É possível a celebração com Organização da Sociedade Civil (OSC), pois como não acarreta vinculações jurídicas, haja vista que apenas materializa um gesto formal dos envolvidos no sentido que, futuramente, poderão executar suas atividades finalísticas em conjunto, com interesse mútuo.

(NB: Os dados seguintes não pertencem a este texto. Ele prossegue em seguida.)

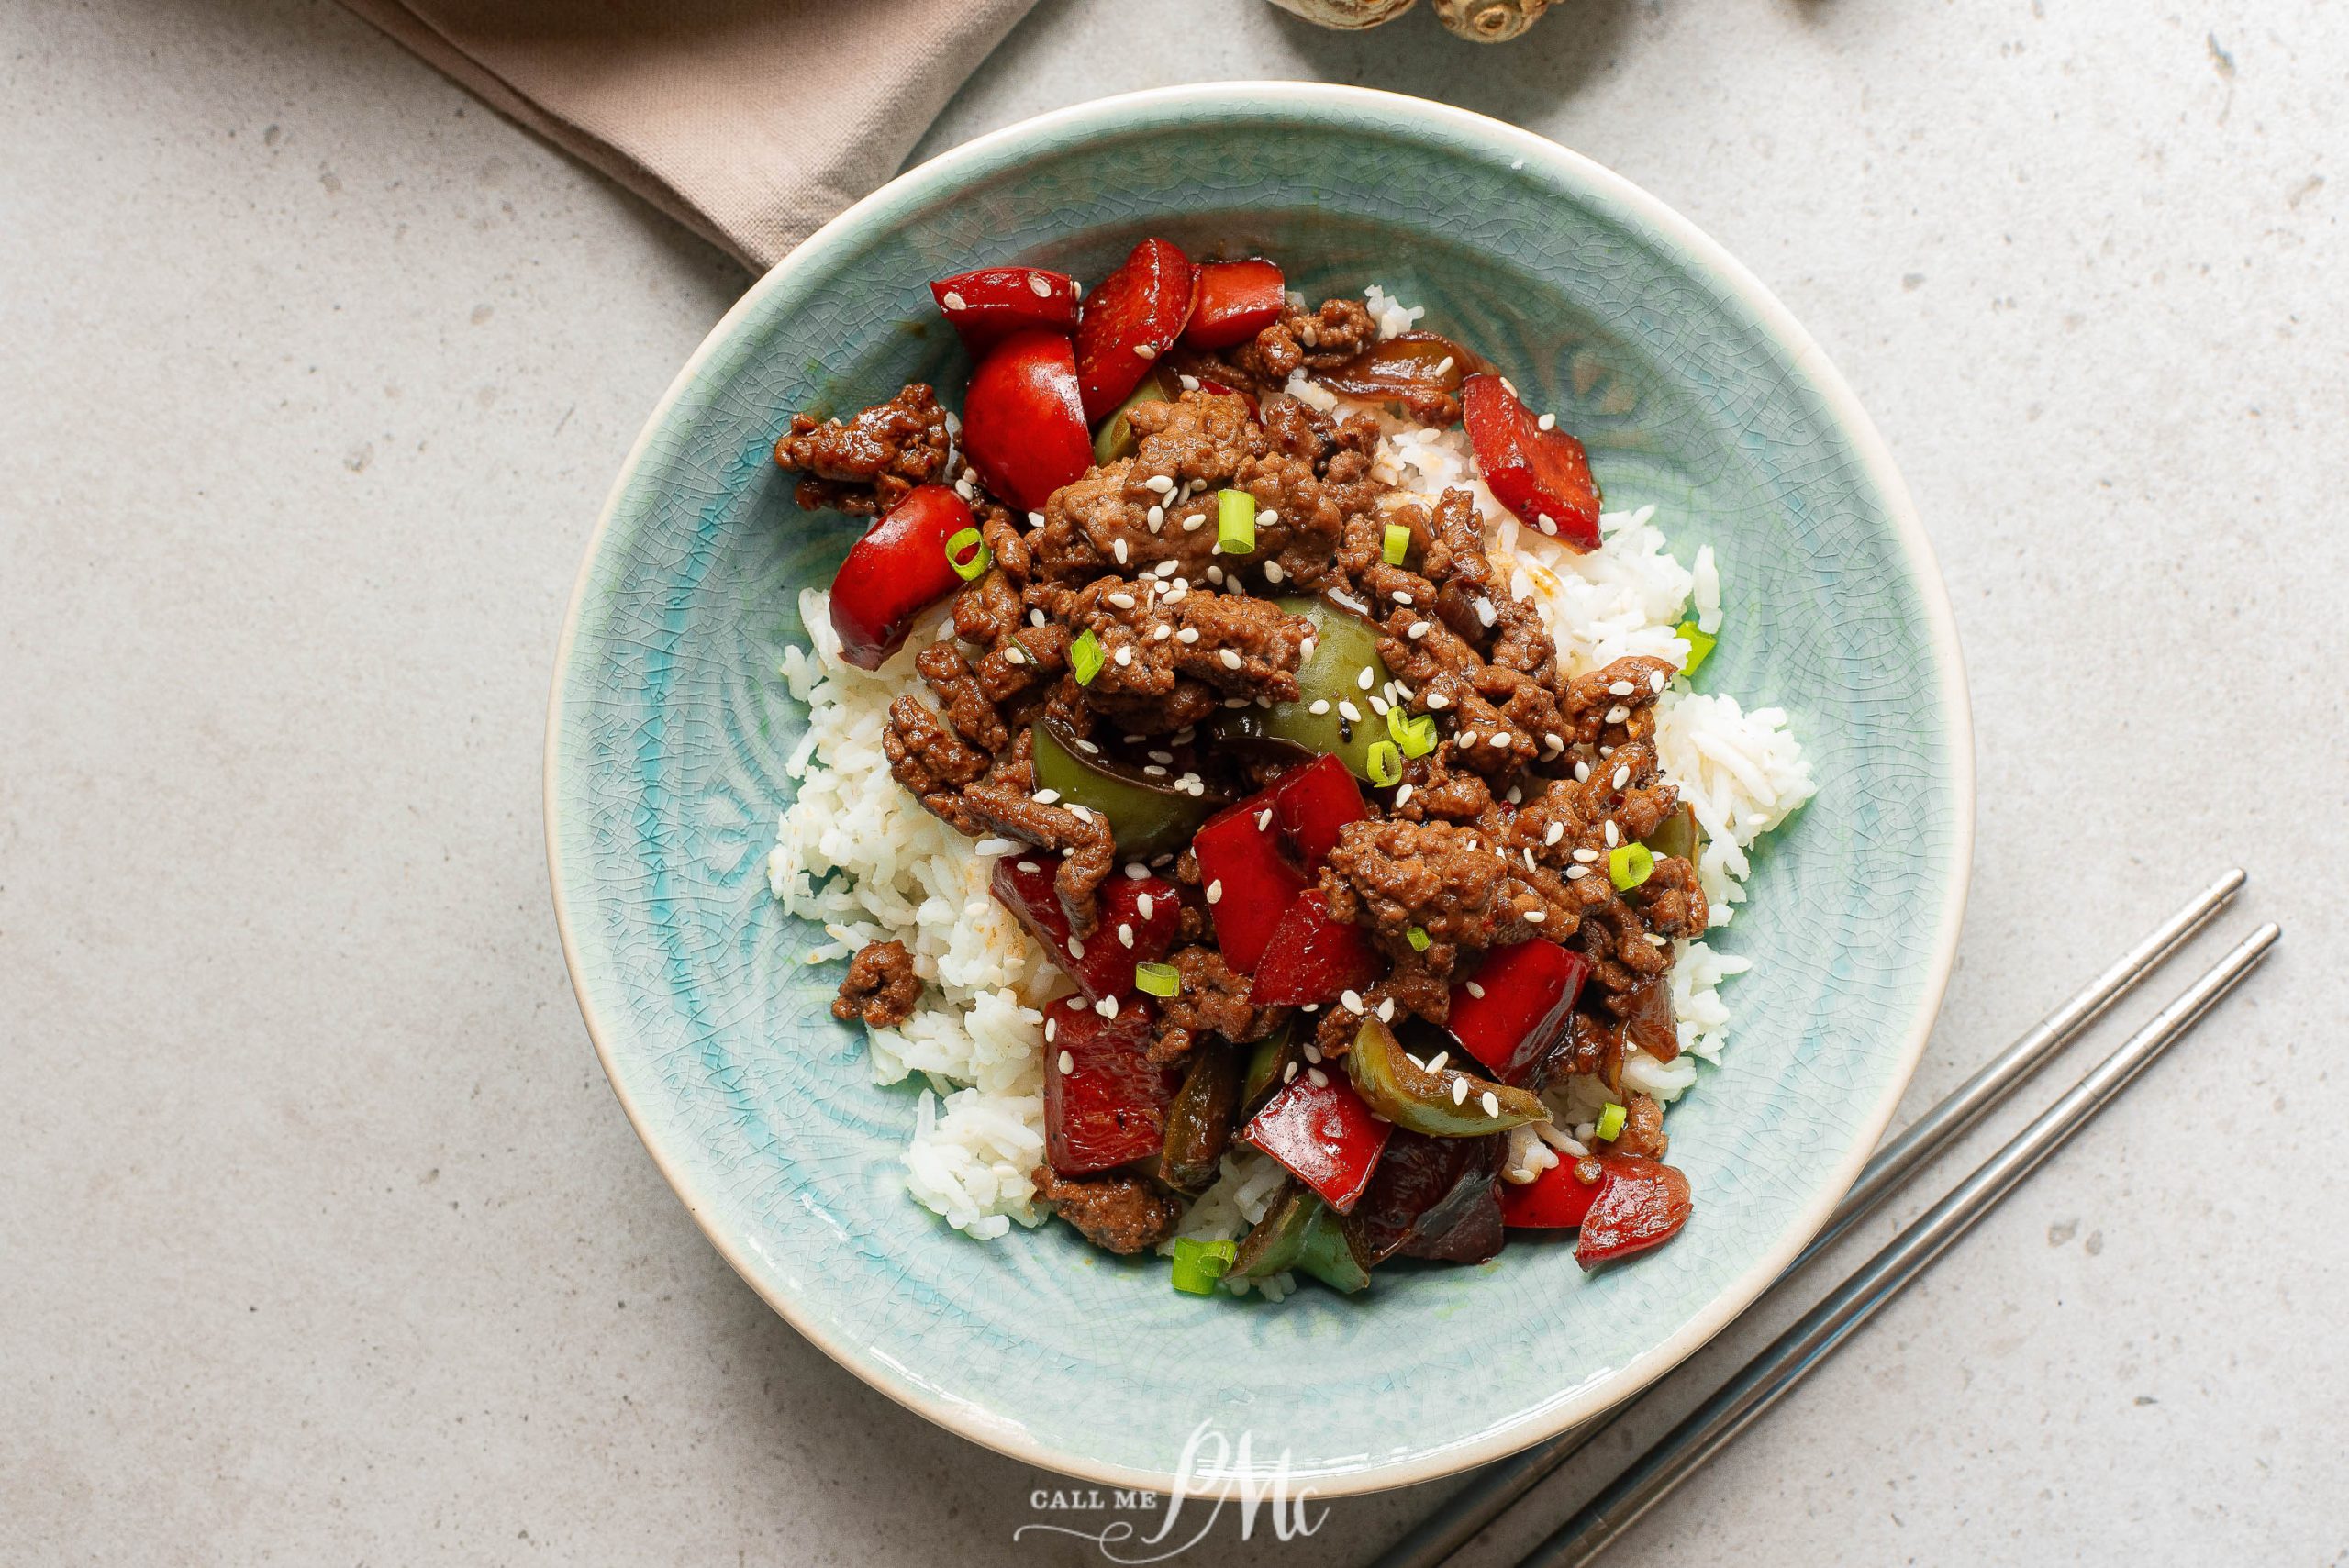 A bowl of beef stir fry with rice and peppers.

O objeto pode abranger uma infinidade de atividades, que sejam de competência comum dos entes envolvidos ou que seja própria de um deles, servindo de instrumental para ação do outro. A descrição do objeto deve ser objetiva, clara e precisa, de modo a se evidenciar o interesse público e recíproco dos envolvidos na parceria.

O prazo de vigência deve ser fixado guardando compatibilidade com o necessário à execução do objeto acordado, que, todavia, não se limita ao prazo de 60 meses previsto no art. 57 da Lei nº 8.666/93, haja vista não haver correlação com o exercício financeiro. A prorrogação deverá ser ajustada pelas partes, com a motivação explicitada nos autos.

A base legal que regulamente a celebração dos Protocolos de Intenção está disposto no art. 116, caput e § 1º da Lei nº 8.666/1993. Não são aplicados as regras referentes à termo de colaboração, termo de fomento e acordo de cooperação, dispostos na Lei nº 13.019, de 31 de julho de 2014.

Na UNIPAMPA, a Diretoria de Assuntos Institucionais e Internacionais (DAIINTER) é a unidade responsável pela análise e tramitação dos processos de Protocolos de Intenções celebrados no país e no exterior.

A proposta é iniciada por um servidor da instituição, que insere a documentação no Sistema Eletrônico de Informações (SEI), escolhendo o tipo Relações Internacionais: Cooperação internacional.

Devem ser anexados ao processo:

  1. despacho à DAIINTER, solicitando análise do pedido de formalização do Protocolo de Intenções;
  2. trocas de e-mails com as tratativas entre as partes, incluindo a aceitação da minuta;
  3. ata de aprovação no conselho do Campus;
  4. breve descrição ou justificativa para a assinatura do Protocolo;
  5. cópias dos documentos dos responsáveis externos, carteira de identidade, documento oficial de nomeação no cargo e endereço profissional;
  6. minuta aprovada pela outra parte;
  7. memorando da Direção do Campus com a concordância da assinatura;
  8. declaração do responsável pelo Protocolo assinada pelos coordenadores;
  9. declaração de cumprimento de objeto assinada pelos coordenadores;
  10. atestado de conformidade do processo com manifestação jurídica referencial; e
  11. plano de trabalho (quando aplicável).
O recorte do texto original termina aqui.